20. Bersuci (thaharah);
21. Menunaikan shalat fardlu tepat waktu dengan sempurna;
22. Memberi zakat kepada yang berhak dengan niat khusus;
23. Puasa Ramadhan;
24. I‘tikaf;
25. Haji;
26. Jihad;
27. Murabathah;
28. Konsisten perang (tidak lari dari medan perang);
29. Memberi perlima dari rampasan perang (khums);
30. Memerdekakan budak Mukmin;
31. Membayar kafarat; dan
32. Menepati janji.

 

Bagian IV Akhlak dan Etika Sosial

33. Bersyukur;
34. Menjaga lisan dari perkataan yang tidak pantas;
35. Menjaga kemaluan dari yang dilarang (zina);
36. Menunaikan amanah kepada yang berhak;
37. Tidak membunuh orang Muslim;
38. Menjaga diri dari makanan dan minuman haram;
39. Malu kepada Allah;
40. Berbuat baik kepada kedua orang tua;
41. Silaturrahim; dan
42. Berbudi pekerti yang baik.

 

Bagian V Tanggung Jawab terhadap Orang Lain

58. Berbuat baik kepada budak;
59. Ketaatan budak kepada majikan;
60. Menjaga hak istri dan anak;
61. Mencintai ulama;
62. Menjawab salam;
63. Mengunjungi orang sakit;
64. Mengikuti jenazah shalat;
65. Membaca tasymit saat bersin; dan
66. Menjauhi orang yang melakukan kerusakan.

 

Bagian VI Etika Sosial

67. Menghormati tetangga;
68. Menghormati tamu;
69. Menutupi aib orang Mukmin;
70. Sabar dalam ketaatan;
71. Zuhud;
72. Cemburu terhadap kehormatan istri;
73. Berpaling dari pembicaraan yang tak berguna;
74. Dermawan;
75. Menghormati orang tua dan menyayangi pemuda;
76. Mendamaikan pertikaian di antara Muslim; dan
77. Mencintai orang lain sebagaimana mencintai diri sendiri.

 

Walhasil, melalui kitab ini kita tahu bahwa keimanan bukan sekadar keyakinan dalam hati, tapi bagaimana mengaktualisasikannya melalui sikap dan lisan.
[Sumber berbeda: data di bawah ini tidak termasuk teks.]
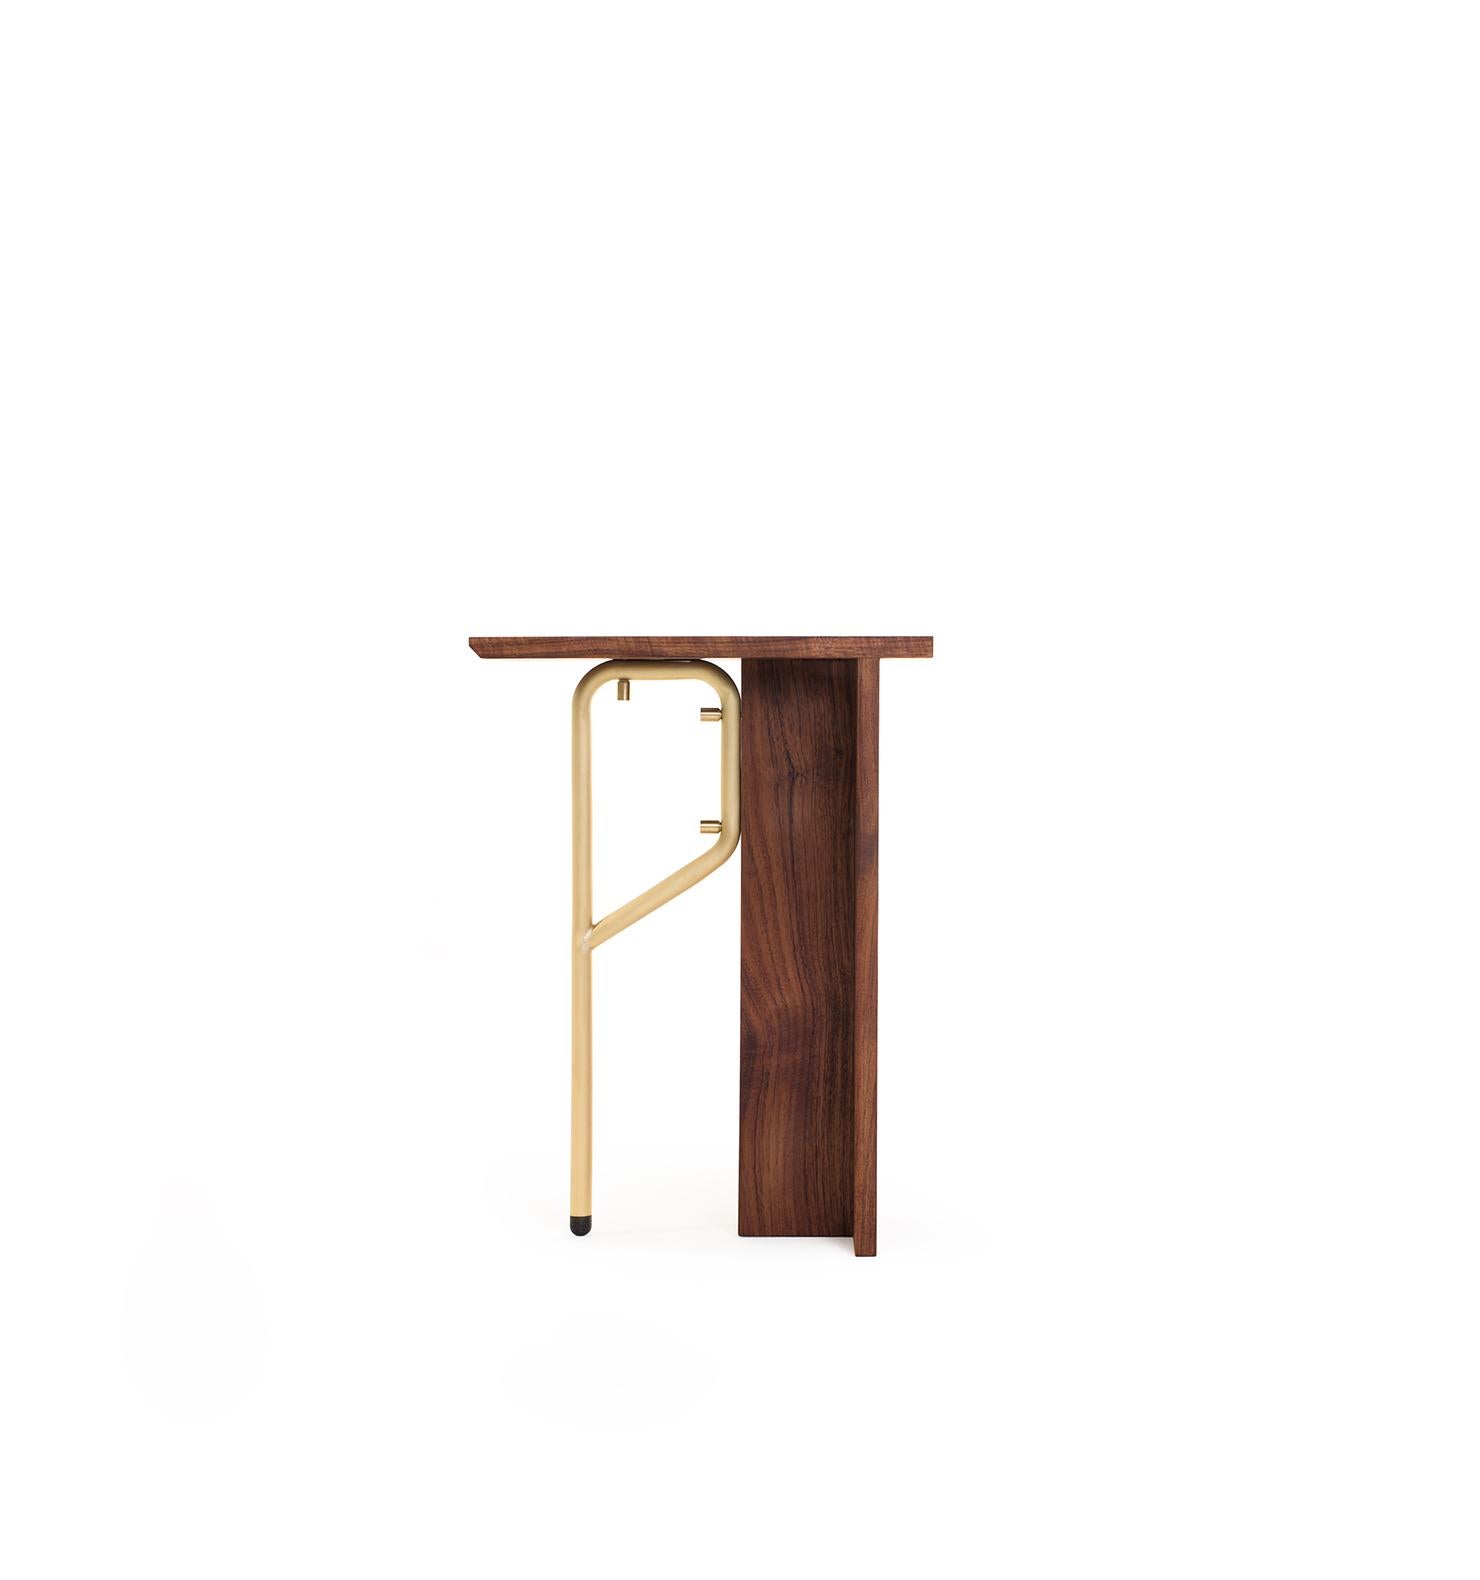 
The perfect complement to the DUNA triad, the DUNA Side Table is a testament to thoughtful design and functionality. With two intersecting surfaces and a small trace of metal, this table adds shape and structure to the ensemble.

Specifically

Sekali lagi, keimanan tidak hanya terbatas pada rukun iman dan keyakinan dasar, tapi mencakupi iman dalam bentuk cinta, takut, harap, ibadah fisik dan spiritual, akhlak, etika sosial, dan tanggung jawab terhadap orang lain. Dengan mengamalkan cabang-cabang iman ini, Insyaallah keimanan kita aman. Wallahu a'lam.

 

Identitas Kitab

Judul Kitab: Qami’uth Thughyan ‘ala Mandhumah Syu'abil Iman
Penulis: Syekh Muhammad Nawawi bin Umar Banten
Penerbit: Darul Kutub Al-Islamiyyah
Tahun Terbit: 2008
Tebal: 46 halaman
ISBN: 978-979-3154-63-3

 

Syifaul Qulub Amin, Alumnus PP Nurul Cholil, Sekarang Aktif Menjadi Perumus LBM PP Nurul Cholil dan Editor Website PCNU Bangkalan.